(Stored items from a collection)
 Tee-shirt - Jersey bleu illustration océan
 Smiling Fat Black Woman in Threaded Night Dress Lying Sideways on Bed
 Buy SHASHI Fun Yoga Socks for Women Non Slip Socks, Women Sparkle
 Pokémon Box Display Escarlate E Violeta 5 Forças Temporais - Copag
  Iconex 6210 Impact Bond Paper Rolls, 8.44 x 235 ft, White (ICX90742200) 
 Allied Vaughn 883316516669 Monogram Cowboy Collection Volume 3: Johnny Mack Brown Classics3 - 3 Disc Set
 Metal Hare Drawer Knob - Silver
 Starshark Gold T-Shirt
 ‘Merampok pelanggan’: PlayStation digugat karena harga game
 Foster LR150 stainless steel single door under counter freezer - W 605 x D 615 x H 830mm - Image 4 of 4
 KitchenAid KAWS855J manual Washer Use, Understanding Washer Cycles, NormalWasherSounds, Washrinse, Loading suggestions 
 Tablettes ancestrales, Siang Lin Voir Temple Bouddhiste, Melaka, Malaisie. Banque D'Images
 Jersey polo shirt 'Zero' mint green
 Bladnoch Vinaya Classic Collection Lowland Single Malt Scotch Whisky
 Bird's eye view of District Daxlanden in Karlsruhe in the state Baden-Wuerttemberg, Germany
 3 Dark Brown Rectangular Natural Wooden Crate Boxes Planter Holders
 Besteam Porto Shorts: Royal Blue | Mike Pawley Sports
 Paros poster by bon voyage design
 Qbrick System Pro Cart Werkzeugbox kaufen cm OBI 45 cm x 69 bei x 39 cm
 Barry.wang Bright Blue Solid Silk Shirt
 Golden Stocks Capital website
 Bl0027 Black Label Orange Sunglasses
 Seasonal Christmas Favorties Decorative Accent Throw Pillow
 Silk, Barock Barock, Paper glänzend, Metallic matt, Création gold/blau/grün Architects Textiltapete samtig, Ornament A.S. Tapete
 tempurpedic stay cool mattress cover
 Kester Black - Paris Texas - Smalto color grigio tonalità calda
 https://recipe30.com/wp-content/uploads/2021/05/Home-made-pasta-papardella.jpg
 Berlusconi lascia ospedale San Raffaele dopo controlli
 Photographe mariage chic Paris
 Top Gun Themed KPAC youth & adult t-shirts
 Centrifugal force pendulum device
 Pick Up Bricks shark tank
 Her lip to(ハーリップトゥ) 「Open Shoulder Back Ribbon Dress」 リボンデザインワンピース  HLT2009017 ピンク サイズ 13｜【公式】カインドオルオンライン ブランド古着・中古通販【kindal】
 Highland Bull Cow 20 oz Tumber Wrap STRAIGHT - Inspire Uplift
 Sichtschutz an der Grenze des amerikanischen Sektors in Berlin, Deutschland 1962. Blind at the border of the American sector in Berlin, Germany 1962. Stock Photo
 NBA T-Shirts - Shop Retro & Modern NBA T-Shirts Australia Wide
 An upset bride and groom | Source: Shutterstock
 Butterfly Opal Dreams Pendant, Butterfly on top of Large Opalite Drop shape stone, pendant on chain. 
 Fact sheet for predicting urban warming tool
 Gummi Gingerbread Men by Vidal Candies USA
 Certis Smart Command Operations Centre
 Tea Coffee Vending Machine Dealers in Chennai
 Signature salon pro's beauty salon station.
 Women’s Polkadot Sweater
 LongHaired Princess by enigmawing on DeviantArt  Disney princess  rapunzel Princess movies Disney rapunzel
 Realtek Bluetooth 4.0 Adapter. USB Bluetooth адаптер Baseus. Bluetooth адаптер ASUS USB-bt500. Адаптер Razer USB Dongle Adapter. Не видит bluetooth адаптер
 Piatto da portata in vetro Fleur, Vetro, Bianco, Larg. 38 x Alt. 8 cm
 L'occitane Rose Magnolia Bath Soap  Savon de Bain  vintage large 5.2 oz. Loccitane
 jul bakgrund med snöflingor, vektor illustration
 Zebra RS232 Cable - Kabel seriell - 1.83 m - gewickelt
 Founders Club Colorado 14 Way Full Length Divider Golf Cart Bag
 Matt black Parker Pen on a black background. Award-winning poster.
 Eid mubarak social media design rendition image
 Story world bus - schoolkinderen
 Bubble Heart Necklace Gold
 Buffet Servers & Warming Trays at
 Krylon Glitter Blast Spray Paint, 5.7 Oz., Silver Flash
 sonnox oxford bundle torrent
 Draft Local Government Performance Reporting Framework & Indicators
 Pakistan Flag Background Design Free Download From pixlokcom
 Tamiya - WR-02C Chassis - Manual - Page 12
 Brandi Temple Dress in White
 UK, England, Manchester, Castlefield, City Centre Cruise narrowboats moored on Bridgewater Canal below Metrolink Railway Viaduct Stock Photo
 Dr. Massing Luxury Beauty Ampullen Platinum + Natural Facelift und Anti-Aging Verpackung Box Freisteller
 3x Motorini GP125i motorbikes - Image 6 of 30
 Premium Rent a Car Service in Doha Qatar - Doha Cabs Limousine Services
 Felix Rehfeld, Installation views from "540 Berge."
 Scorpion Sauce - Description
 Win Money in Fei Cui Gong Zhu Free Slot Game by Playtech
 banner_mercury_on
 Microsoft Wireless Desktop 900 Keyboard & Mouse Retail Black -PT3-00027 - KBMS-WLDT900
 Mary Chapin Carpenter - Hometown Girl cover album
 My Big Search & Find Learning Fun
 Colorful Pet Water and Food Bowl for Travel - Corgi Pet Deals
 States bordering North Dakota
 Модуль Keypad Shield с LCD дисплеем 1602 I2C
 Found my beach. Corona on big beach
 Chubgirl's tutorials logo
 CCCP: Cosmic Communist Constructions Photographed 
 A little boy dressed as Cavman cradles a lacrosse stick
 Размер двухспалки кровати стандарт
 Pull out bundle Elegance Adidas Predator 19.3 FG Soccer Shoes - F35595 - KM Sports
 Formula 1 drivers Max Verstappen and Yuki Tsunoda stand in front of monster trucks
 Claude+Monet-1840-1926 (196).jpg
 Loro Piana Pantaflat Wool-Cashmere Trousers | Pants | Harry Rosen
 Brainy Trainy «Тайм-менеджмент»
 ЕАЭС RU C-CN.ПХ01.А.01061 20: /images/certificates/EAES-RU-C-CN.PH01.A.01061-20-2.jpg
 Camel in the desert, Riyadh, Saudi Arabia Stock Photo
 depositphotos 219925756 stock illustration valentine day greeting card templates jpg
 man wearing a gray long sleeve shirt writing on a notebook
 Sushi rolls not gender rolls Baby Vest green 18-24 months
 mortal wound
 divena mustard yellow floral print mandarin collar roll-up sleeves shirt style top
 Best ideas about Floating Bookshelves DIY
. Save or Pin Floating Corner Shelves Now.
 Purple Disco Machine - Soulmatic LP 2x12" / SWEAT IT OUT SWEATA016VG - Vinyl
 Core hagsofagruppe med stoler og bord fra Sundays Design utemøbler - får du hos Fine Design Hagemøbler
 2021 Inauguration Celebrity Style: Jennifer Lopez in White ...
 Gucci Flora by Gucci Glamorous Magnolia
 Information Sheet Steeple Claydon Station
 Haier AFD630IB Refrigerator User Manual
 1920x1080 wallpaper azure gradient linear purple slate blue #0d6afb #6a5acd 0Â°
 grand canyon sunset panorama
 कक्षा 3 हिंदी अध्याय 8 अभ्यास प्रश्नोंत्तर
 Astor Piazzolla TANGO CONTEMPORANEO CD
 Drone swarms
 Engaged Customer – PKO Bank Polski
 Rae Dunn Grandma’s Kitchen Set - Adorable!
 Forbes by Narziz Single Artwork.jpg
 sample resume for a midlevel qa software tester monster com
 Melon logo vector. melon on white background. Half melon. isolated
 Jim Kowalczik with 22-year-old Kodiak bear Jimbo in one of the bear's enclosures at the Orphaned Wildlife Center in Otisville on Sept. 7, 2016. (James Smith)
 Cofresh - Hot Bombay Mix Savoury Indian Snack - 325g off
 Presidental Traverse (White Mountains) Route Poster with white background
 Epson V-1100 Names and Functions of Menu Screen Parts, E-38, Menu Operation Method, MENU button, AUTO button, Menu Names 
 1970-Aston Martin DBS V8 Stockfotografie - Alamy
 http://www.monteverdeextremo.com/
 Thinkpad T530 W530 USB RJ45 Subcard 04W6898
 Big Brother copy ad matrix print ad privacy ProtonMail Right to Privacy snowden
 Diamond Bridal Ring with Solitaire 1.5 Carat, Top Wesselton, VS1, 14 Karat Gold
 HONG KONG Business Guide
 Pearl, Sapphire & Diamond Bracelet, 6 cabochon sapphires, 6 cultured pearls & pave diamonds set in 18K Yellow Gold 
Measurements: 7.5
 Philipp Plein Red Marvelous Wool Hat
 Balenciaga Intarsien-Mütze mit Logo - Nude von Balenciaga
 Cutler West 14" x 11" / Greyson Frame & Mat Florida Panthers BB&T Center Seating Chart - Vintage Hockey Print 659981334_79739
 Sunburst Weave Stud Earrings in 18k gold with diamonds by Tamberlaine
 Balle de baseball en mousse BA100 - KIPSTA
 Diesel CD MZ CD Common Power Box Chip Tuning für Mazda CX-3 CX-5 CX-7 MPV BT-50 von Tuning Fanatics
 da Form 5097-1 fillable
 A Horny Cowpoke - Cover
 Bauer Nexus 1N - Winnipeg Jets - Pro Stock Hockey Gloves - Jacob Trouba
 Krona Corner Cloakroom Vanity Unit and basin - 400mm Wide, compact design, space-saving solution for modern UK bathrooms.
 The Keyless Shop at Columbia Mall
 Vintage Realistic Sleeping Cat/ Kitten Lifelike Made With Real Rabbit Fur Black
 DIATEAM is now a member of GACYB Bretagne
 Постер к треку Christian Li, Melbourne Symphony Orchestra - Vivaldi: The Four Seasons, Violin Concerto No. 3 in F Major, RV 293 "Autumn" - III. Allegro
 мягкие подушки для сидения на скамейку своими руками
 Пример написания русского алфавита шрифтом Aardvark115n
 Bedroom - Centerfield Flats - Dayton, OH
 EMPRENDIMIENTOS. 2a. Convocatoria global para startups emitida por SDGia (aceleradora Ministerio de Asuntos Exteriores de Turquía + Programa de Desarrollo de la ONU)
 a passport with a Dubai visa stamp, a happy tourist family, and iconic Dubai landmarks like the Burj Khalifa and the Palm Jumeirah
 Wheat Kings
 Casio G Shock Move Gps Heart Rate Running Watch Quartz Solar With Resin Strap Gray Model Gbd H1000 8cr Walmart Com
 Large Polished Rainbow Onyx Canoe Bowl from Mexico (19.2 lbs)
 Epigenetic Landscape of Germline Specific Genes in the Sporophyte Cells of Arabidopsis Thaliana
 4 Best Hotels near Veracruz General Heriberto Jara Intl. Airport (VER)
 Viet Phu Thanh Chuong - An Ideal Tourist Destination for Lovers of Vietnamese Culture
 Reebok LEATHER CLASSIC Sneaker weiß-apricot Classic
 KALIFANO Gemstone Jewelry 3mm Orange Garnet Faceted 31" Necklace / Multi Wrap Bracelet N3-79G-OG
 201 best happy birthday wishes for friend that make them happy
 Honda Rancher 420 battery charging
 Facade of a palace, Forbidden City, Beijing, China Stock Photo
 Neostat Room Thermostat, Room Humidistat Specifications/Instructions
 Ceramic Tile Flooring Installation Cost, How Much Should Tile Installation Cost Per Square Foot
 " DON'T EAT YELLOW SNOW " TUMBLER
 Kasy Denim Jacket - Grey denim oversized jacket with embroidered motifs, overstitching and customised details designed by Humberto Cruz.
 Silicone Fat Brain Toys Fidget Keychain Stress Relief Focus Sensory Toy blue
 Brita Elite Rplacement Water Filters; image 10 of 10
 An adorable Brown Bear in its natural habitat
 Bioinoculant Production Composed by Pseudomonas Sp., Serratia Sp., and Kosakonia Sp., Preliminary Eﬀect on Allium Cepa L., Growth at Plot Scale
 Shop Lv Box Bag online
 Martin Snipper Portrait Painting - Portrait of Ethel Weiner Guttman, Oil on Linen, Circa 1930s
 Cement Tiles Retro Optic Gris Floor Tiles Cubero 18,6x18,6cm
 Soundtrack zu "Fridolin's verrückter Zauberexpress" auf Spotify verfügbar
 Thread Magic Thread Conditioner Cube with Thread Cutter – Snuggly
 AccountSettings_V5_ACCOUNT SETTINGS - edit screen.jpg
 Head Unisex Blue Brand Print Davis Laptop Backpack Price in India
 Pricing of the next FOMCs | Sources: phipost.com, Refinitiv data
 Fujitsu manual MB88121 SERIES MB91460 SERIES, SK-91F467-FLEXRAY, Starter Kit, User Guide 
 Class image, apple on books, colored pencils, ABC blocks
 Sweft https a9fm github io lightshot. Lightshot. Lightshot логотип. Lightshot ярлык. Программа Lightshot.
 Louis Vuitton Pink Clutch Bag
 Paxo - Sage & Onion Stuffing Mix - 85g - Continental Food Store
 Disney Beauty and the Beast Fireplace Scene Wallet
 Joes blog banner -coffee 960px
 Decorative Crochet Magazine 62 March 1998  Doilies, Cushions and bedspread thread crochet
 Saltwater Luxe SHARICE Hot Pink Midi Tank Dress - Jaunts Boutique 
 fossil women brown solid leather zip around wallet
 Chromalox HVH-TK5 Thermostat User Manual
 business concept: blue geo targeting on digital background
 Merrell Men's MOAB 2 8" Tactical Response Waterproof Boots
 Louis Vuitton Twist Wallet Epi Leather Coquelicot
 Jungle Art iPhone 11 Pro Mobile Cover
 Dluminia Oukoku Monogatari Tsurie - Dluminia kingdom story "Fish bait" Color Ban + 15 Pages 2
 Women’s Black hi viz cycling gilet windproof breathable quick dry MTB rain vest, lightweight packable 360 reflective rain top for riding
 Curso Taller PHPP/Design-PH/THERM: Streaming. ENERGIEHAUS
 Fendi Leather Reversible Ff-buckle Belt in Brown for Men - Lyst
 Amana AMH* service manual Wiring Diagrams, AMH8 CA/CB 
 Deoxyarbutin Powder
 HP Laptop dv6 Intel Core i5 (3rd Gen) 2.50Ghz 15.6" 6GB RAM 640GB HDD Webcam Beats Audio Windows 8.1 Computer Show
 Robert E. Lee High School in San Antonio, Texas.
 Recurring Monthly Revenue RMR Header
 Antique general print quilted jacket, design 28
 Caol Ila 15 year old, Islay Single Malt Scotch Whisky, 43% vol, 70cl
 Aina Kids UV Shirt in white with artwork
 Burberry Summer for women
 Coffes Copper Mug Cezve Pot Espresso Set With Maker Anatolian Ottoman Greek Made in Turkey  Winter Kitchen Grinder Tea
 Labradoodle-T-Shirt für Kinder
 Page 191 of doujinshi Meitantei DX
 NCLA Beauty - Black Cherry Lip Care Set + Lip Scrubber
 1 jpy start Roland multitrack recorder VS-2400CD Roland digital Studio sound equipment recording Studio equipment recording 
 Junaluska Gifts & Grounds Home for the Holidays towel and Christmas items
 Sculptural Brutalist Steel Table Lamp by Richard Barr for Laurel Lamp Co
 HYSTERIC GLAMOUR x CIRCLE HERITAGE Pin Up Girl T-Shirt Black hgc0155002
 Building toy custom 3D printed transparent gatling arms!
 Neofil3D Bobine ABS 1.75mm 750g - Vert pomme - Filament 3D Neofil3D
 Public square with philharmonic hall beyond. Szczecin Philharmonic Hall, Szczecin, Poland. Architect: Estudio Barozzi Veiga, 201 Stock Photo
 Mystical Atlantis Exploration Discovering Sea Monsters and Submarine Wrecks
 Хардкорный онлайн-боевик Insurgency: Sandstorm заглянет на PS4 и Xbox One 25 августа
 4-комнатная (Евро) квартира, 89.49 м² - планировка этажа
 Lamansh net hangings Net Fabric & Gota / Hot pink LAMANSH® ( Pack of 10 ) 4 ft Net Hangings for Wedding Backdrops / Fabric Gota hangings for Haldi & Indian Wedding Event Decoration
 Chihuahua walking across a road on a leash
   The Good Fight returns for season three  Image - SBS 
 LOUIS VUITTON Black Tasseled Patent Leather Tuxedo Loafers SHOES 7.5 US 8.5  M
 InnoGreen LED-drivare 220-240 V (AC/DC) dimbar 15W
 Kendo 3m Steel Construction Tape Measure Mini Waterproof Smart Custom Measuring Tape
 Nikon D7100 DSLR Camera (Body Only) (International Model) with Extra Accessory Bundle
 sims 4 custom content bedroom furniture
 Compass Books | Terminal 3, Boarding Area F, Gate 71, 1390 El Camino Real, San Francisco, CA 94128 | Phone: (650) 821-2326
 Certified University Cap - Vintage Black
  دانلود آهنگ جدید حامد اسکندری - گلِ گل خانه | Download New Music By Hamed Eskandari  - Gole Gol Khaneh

Problem description
Print, from the entries above, the line with "Jersey polo shirt 'Zero' mint green", the line with "Bird's eye view" and all lines between them, exactly and with nothing else.

Exercise output
 Jersey polo shirt 'Zero' mint green
 Bladnoch Vinaya Classic Collection Lowland Single Malt Scotch Whisky
 Bird's eye view of District Daxlanden in Karlsruhe in the state Baden-Wuerttemberg, Germany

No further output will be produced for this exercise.